First off, I'm keeping the hyphen in "spell-bound," despite no immediate Google-hits to back me up. Bound by a spell. Spell-bound. Like hell-bound. Which means "bound FOR Hell," so it's different. But still.

And second, re: "inedible," it's called synesthesia (or it's a close relative of synesthesia, at any rate). It's a reviewing convention, of sorts. As when someone's theatrical performance "stinks."

But you knew that.

Love, Rex

Rex Parker

PS anyone addressing me as "Darling Rex" is clearly my mother. Hi mom.

Anonymous

I think I'd remember if I were your mother.

And if you can't get any authority to agree with spell HYPHEN bound instead of spellbound, why won't you just give it up? Think hidebound and go from there.

Hidebound slave to proper spelling,

Rex Parker

O Not My Mother, don't be cross (like my mother). I admit to your technical correctness. Think of the hyphen - as well as my stubbornly persisting in my wrongness - as a curious (if not lovable) eccentricity.
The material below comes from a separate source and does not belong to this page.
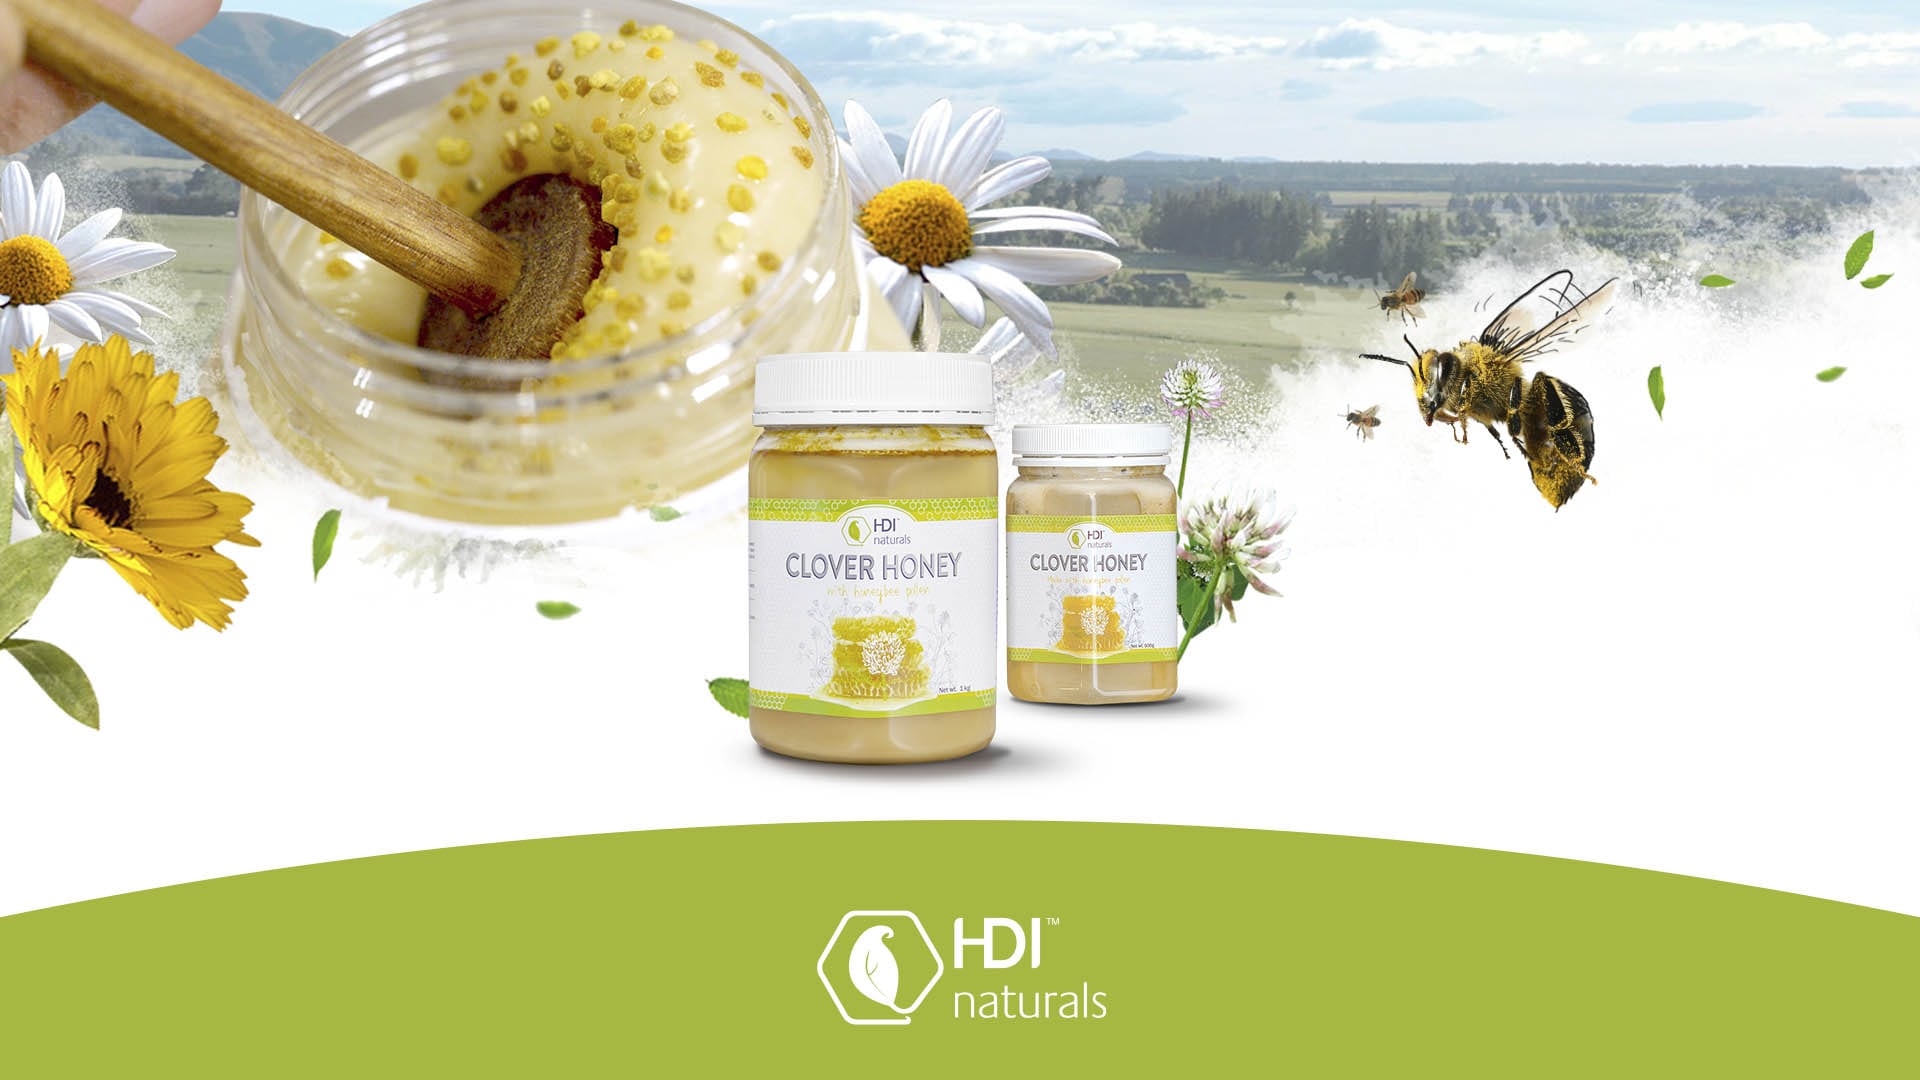 HDI CLOVER HONEY IS OFFICIALLY A LOW GI FOOD, SAFE for Diabetics

You may continue to address me as "Darling," though. I like that.

Thanks for reading (I do mean that),
RP

Anonymous

"Inedible" stinks. So there.

Anonymous

God, I love your work, Rex.

Rob M

Hey Rex. Recently signed up for the iPad app and decided to puzzle along with your blogs archive. Best guess for diamond cutter is that a swing is slangily referred to as a cut, ergo Sosa, not known for his outfielding prowess, is a diamond cutter?

Rob M

Hi Rex. I recently signed up for the iPad app and I'm now puzzling through the blog archive. I think diamond cutter is referring to baseball slangs use of the word cut to describe a swing. Enjoying your evolution as a critical voice!

Di

I love doing the archive puzzles and then seeing what you had to say about them.

This post touched me because of your comments about Elizabeth Edwards. I met her at a book signing at Quail Ridge Books in Raleigh NC. She showed up in slacks and a kind of ratty sweater with her hair a little messy. Immediately put everyone at ease because she just looked like one of us.

She spoke beautifully and straight from the heart. And took the time to really talk to each person whose book she signed. I still cherish that signed copy.